> _AIM OF THE EXERCISE_: Restate the listing below word for word; no picture is to be carried over.

++++++++

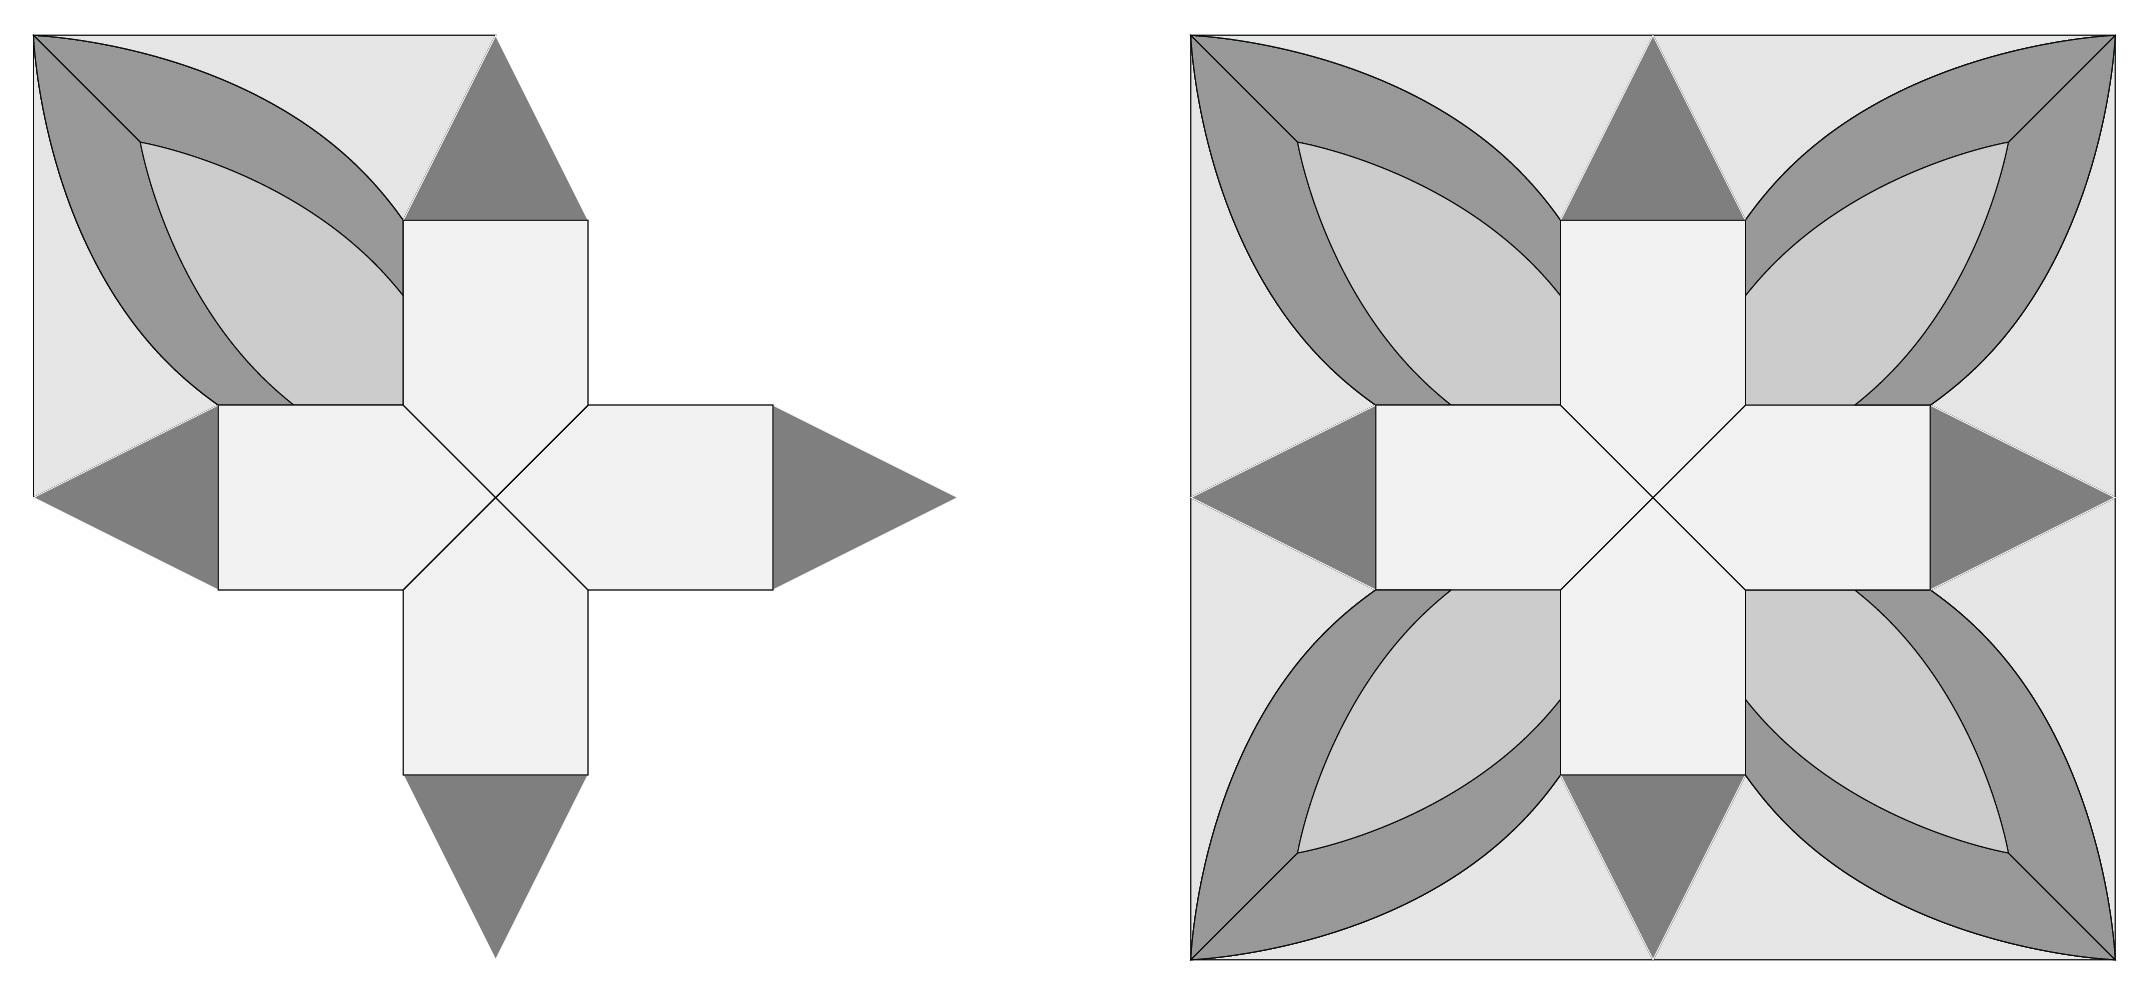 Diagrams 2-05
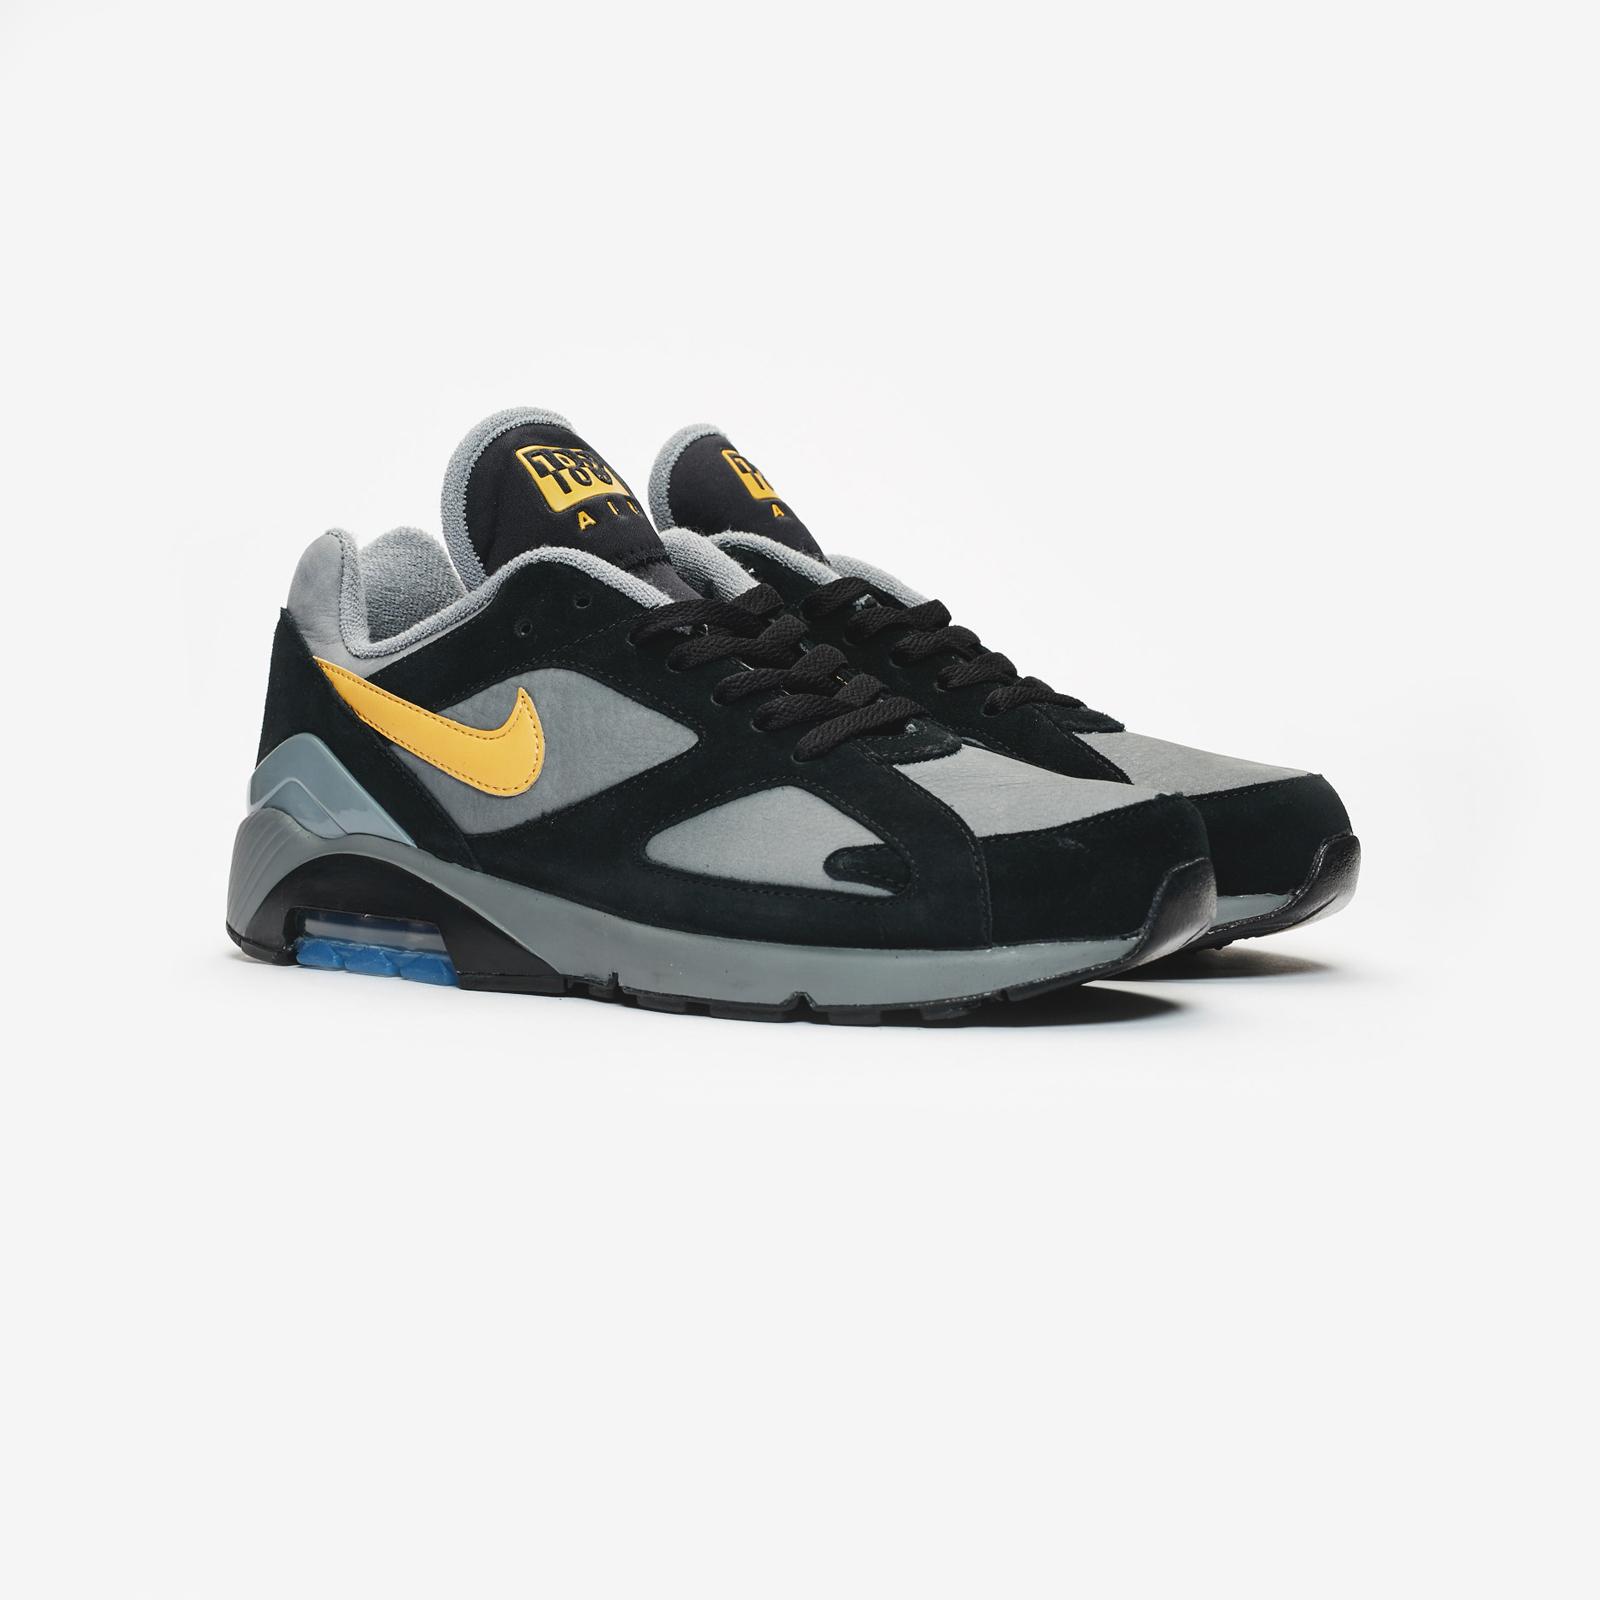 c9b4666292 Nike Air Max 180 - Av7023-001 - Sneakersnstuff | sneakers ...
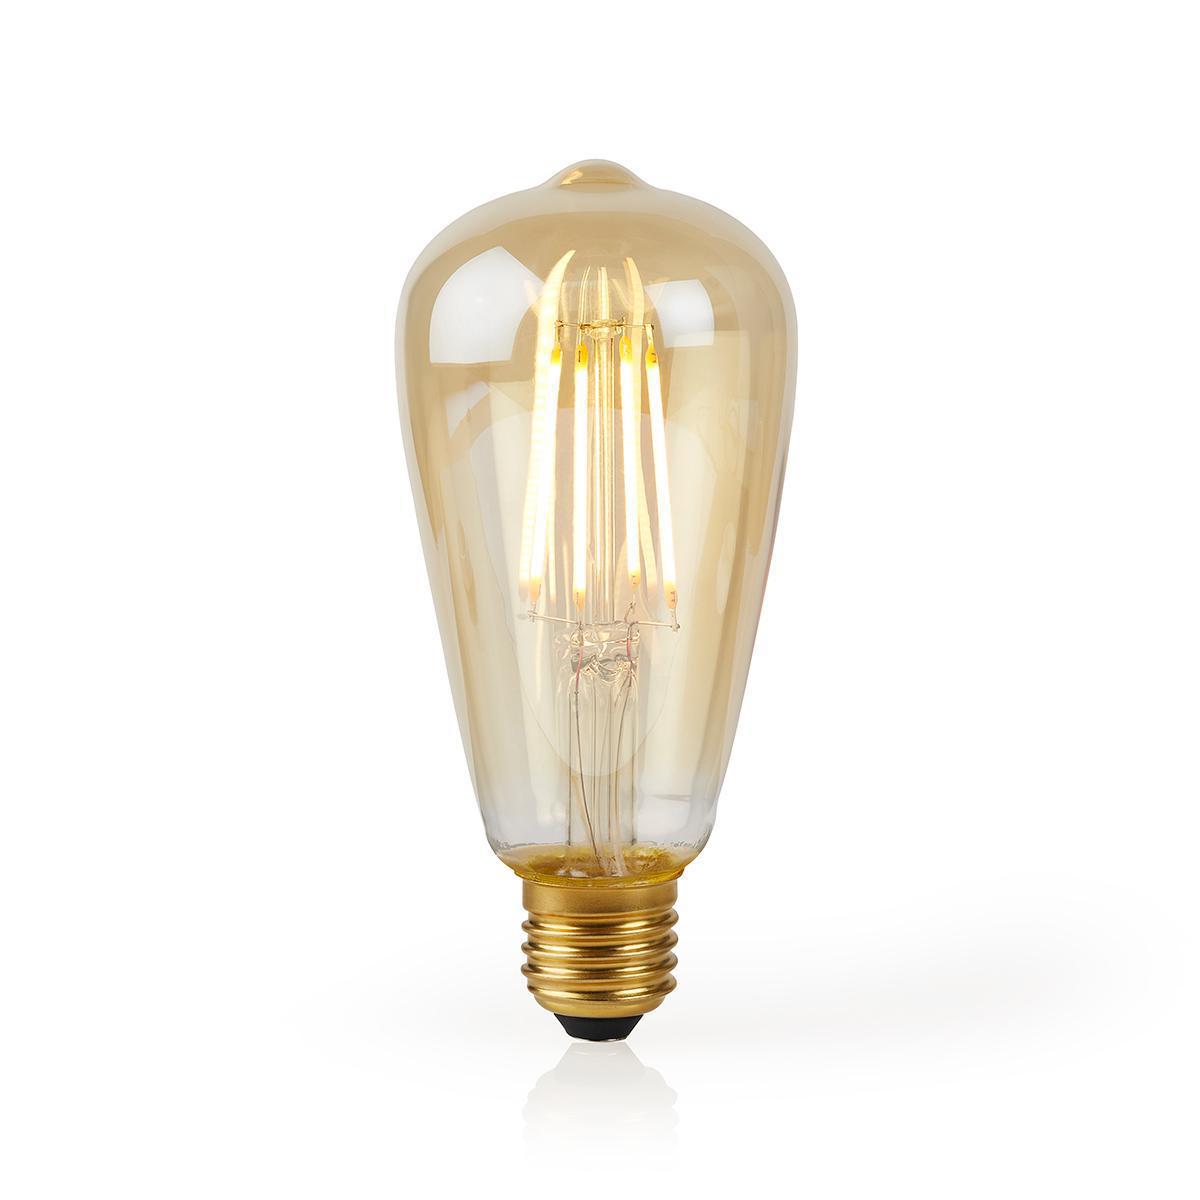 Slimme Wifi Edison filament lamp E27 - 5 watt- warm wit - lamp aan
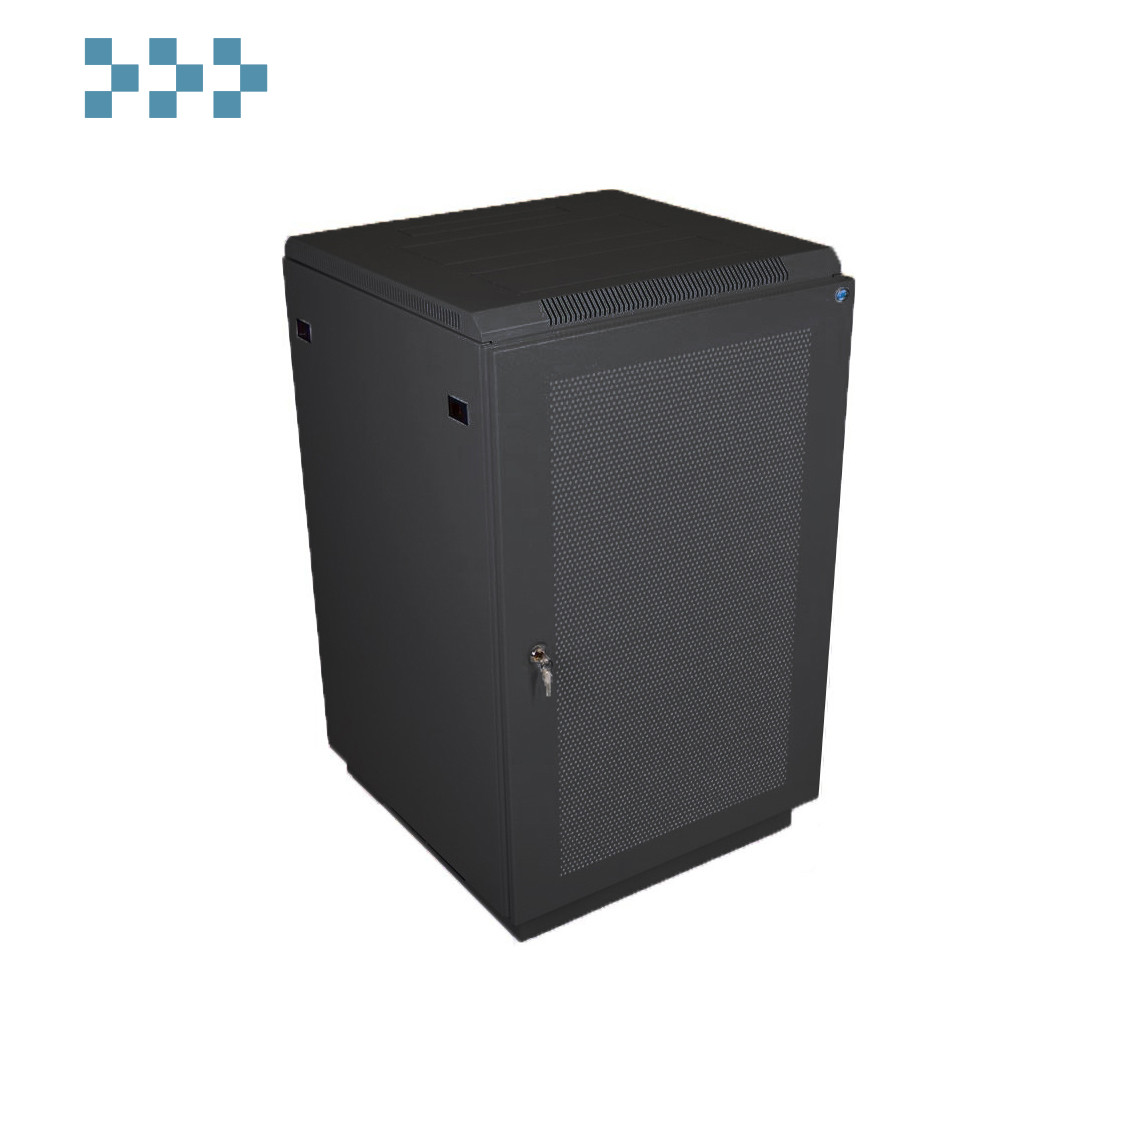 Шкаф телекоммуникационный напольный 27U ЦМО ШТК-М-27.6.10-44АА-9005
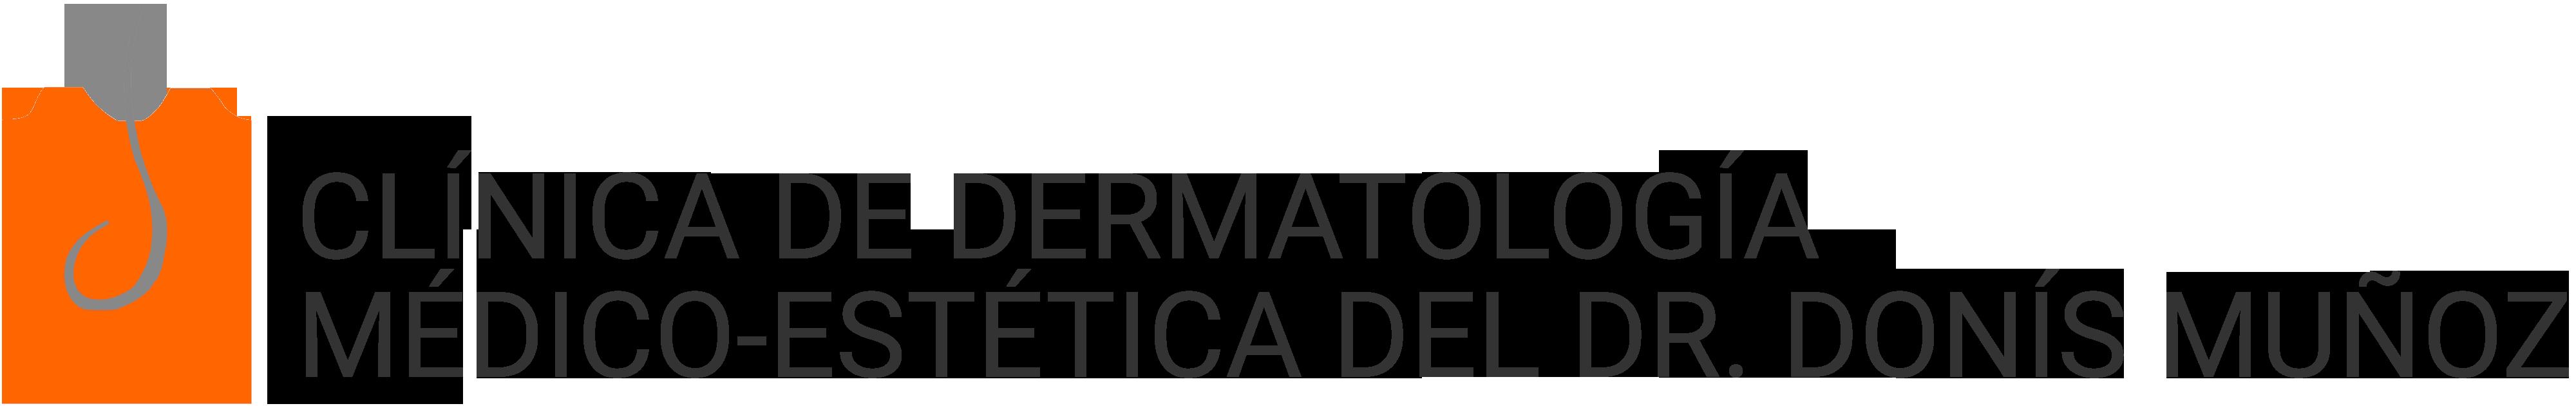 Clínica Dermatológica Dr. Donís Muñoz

++++++++

> _SOLUTION_:
 Diagrams 2-05
 c9b4666292 Nike Air Max 180 - Av7023-001 - Sneakersnstuff | sneakers ...
 Slimme Wifi Edison filament lamp E27 - 5 watt- warm wit - lamp aan
 Шкаф телекоммуникационный напольный 27U ЦМО ШТК-М-27.6.10-44АА-9005
 Clínica Dermatológica Dr. Donís Muñoz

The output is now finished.